Other challenges remain, including vaccinating workers who aren’t regular full-time employees at facilities. Some long-term care providers say they’ll include staffing-agency workers, hospice workers and others who may only occasionally visit their buildings in their head counts for vaccine distribution, but such workers may not always be prioritized. Paul Ruderman, CEO of staffing agency All American Healthcare Services, says he has spoken to dozens of long-term care clients about vaccine distribution, and “they are going to prioritize their residents and their full-time nursing personnel.” Agency workers may need to visit a local hospital to get their shots, he says.
Read:Health-Care Workers Risk Spreading Covid 19
Residents and workers who miss out on their initial vaccination opportunities may have to find another way to get their shots or wait months for another chance. Generally, the pharmacies are scheduling up to three vaccination clinics at each facility, and for those who don’t get their two vaccine doses within that schedule, “the next steps to the process haven’t been laid out,” says Peter Van Runkle, executive director of the Ohio Health Care Association.
Given the compressed schedule, strong vaccine uptake among nursing-home staff could present its own challenges for facilities. There is not much flexibility to stagger the vaccination of staff and residents, as many facilities would prefer. Many nursing homes are already short-staffed, and vaccinating all workers on the same day “could be a recipe for disaster,” Van Runkle says, because many may call in sick due to vaccine side effects. Only about two-thirds of nursing homes reported no staffing shortages as of late November, according to data from the Centers for Medicare and Medicaid Services.
For Genesis HealthCare, one of the largest nursing home operators, “it’s a concern,” says Dr. Richard Feifer, the company’s chief medical officer. Genesis is looking at shifting staff between facilities and pulling in agency workers, he says. “We can’t afford to be short-staffed when our residents need care the most.” But some facilities are struggling to get agency staff, given the stiff competition for front-line workers. “The bodies are just not there,” Pacyna says.

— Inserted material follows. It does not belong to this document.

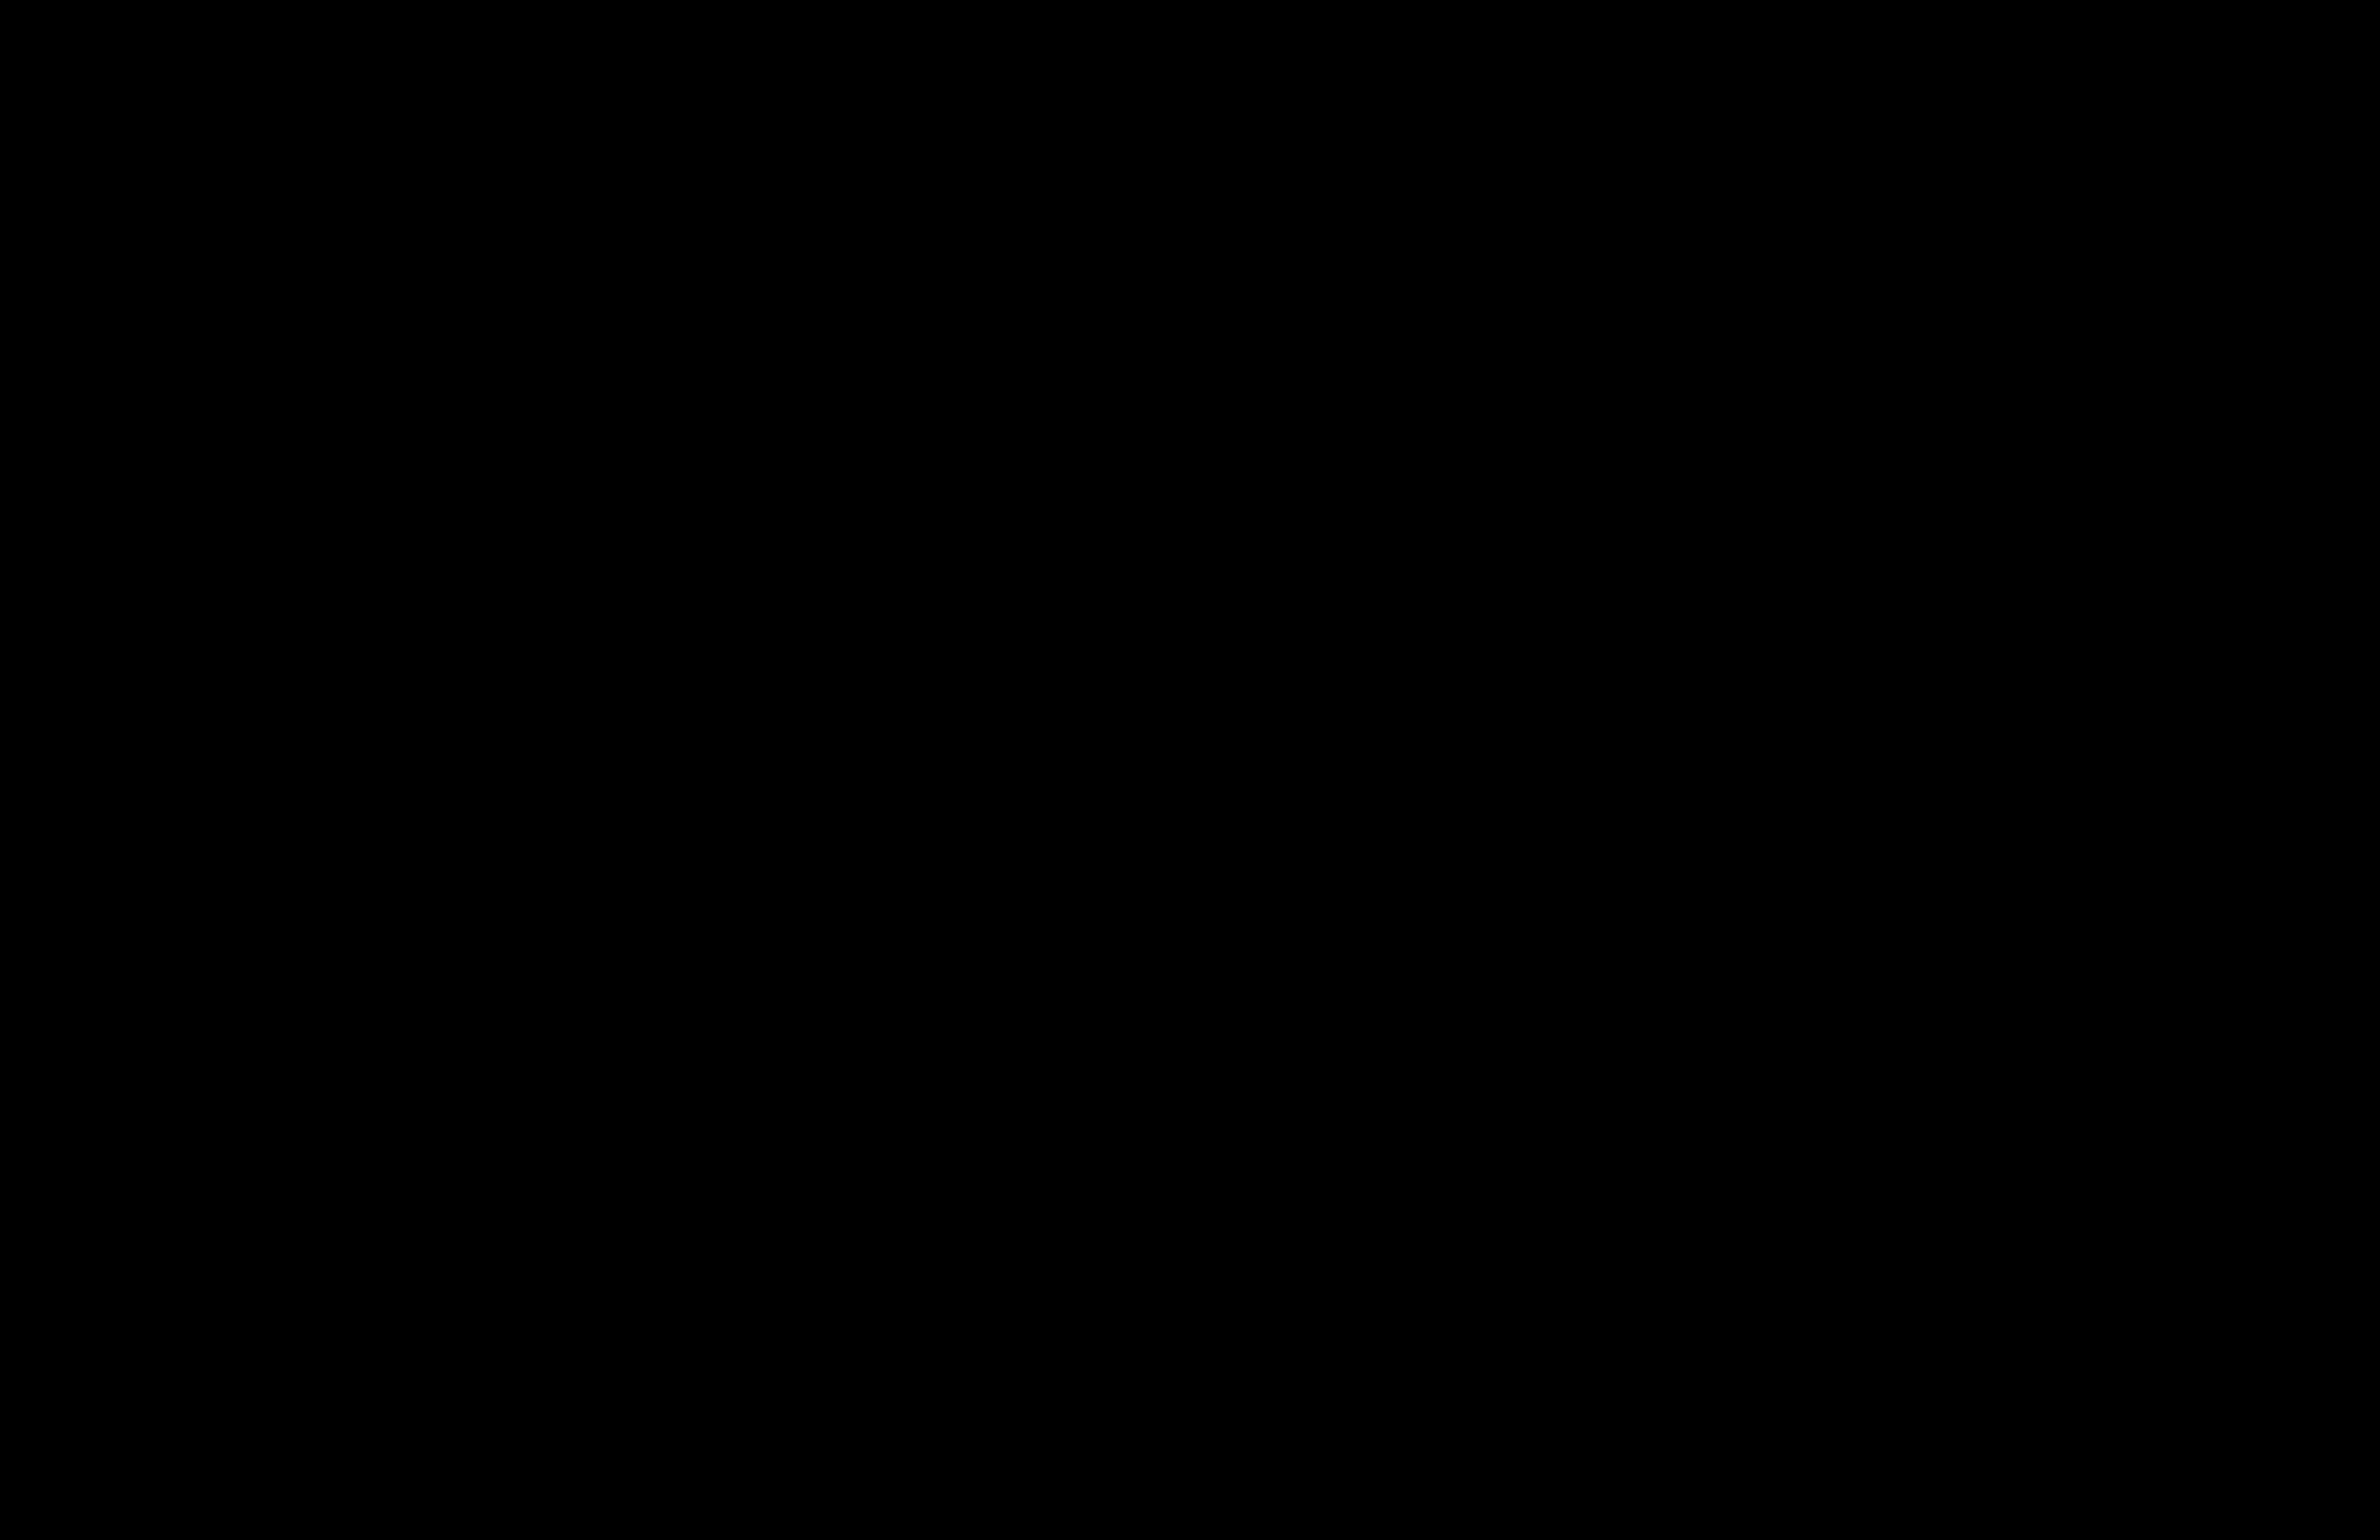 HSPCA Logo Black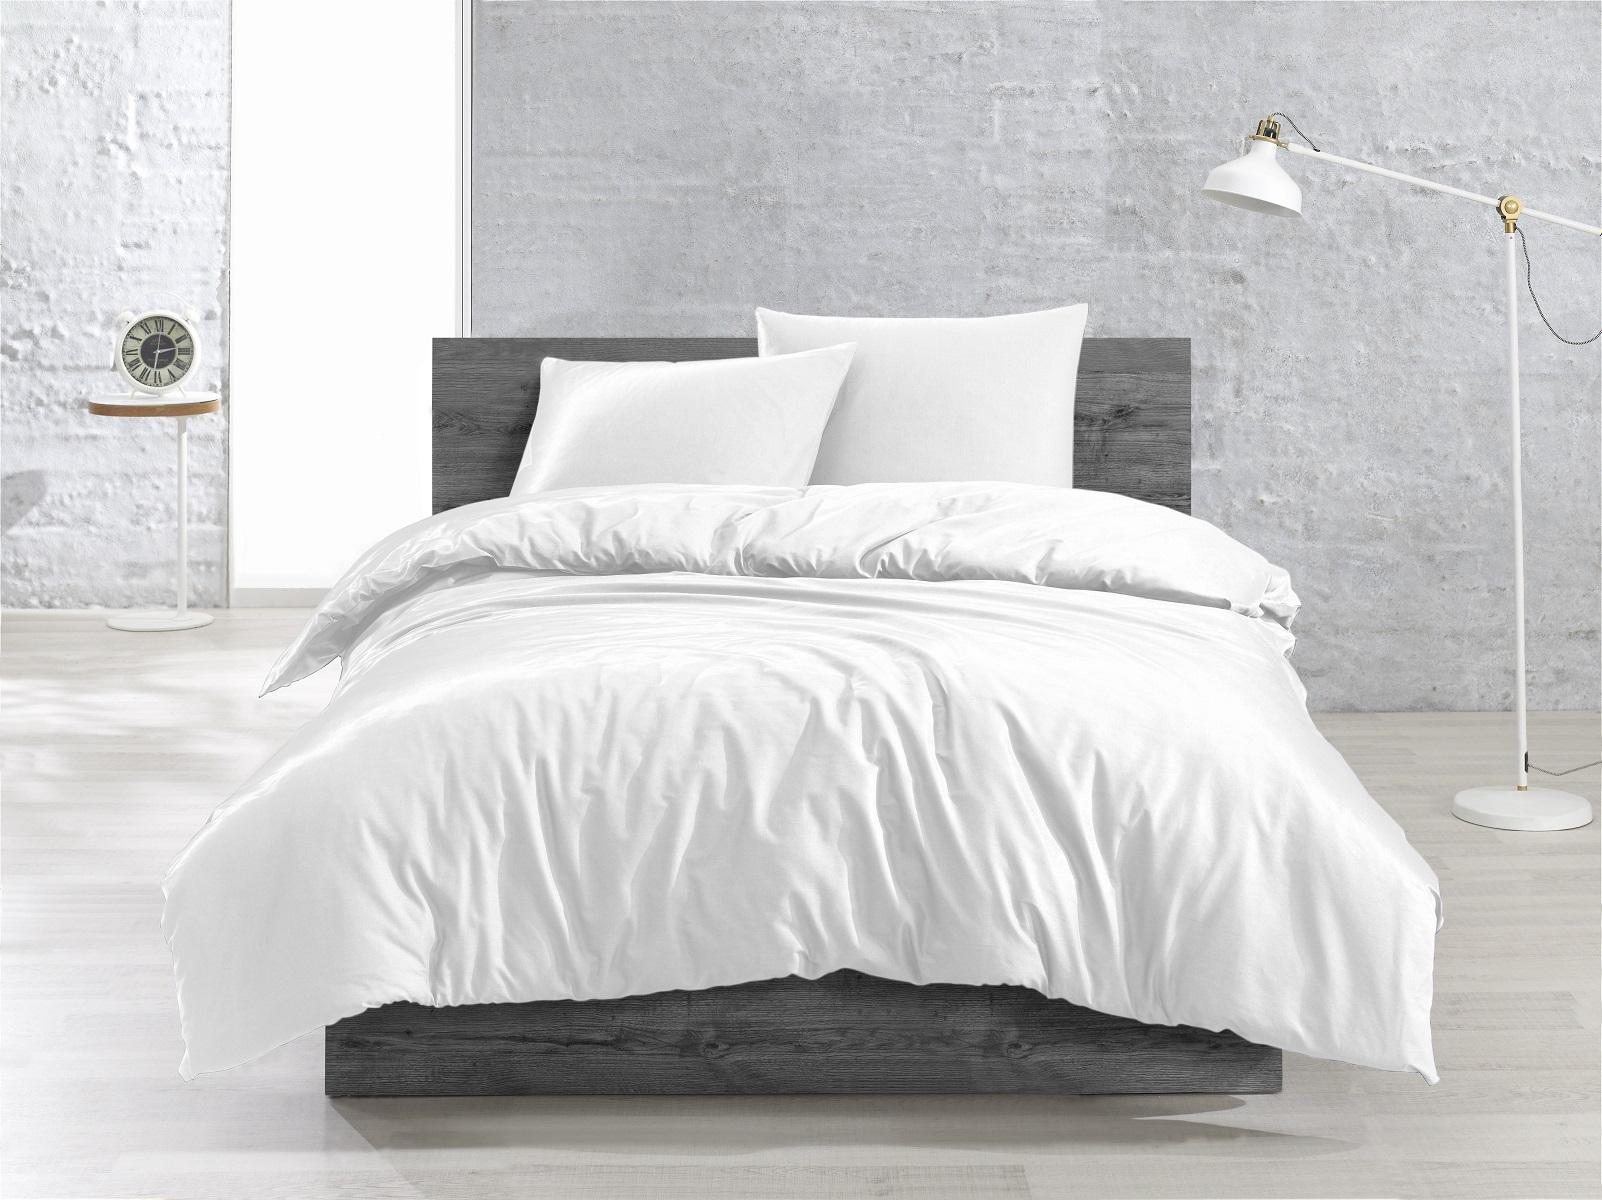 3 tlg renforce bettw sche bettgarnitur 200x200 cm i. Black Bedroom Furniture Sets. Home Design Ideas

The burden of managing the vaccination process and dealing with the side effects comes on top of other Covid-related requirements, such as mandatory twice-weekly testing in some facilities, and the additional resident care accompanying the surge in cases. For direct-care workers, it all adds up to extreme uncertainty. Given the tight vaccination schedule, “the whole building’s going to be sick,” says Sheena Bumpas, a CNA in Duncan, Okla., and NAHCA board member. “This is just the unknown, and it’s scary.”